The SNB vice president Danthine reiterated the pledge that the central bank will keep the EUR/CHF floor as long as needed. He noted that, "it is there as long as it corresponds to monetary conditions [and] the cap isn't there forever". He also stated that, "conditions justifying the cap are still there", and, "inflation risks are non-existent in Switzerland at the moment." The SNB president said in a newspaper earlier in the week that there is no reason to give up the EUR/CHF floor yet as it's still needed to guard against deflation and recession. Swiss GDP will be featured in European session and is expected to show 0.3% q/q growth in Q2.
The UK PMI construction will be a main focus in European session, and is expected to improve to 58.4 in August. The EUR/GBP dived yesterday on much better than expected UK manufacturing, and the PMI rose sharply to 57.2 in August versus expectation of 55. That's the fifth straight month of expansion and was the highest number since February 2011. Markit senior economist noted that the UK factories are "booming again" and the GDP could easily grow more than 1% in Q3. The economic outlook continue to reinforce expectation that BoE won't add new stimulus in near term. Released earlier today, UK BRC sales monitor rose 1.8% y/y in August. The eurozone will release its PPI for July. The BoE and ECB will meet later this week, and both are expected to stand pat.

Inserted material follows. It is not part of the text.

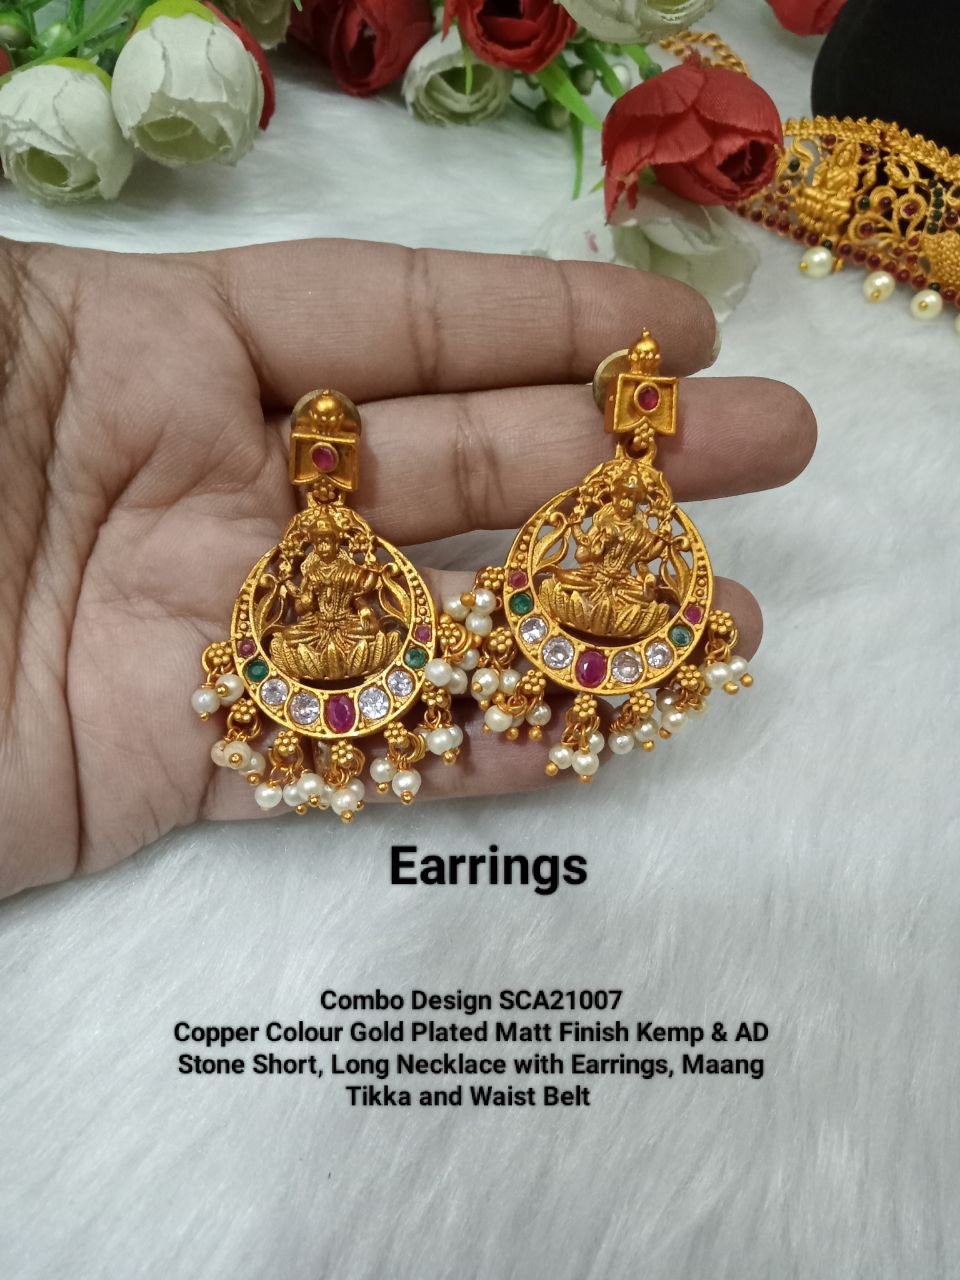 Beautiful Multi Color Kundan Meenakari Earrings For Girls/Women (MKE1625)  at Rs 192/pair in Jaipur

Main focus of the day will be on the ISM manufacturing index, which is expected to drop back to 54 in August. In particular note that the employment component of the index improved markedly from June's 48.7 to 54.4 in July. A pleasure ISM employment will build up expectation of a solid NFP later this week. Major attention this week will be on the NFP figure, which should affirm the case for the Fed to taper asset purchases this month.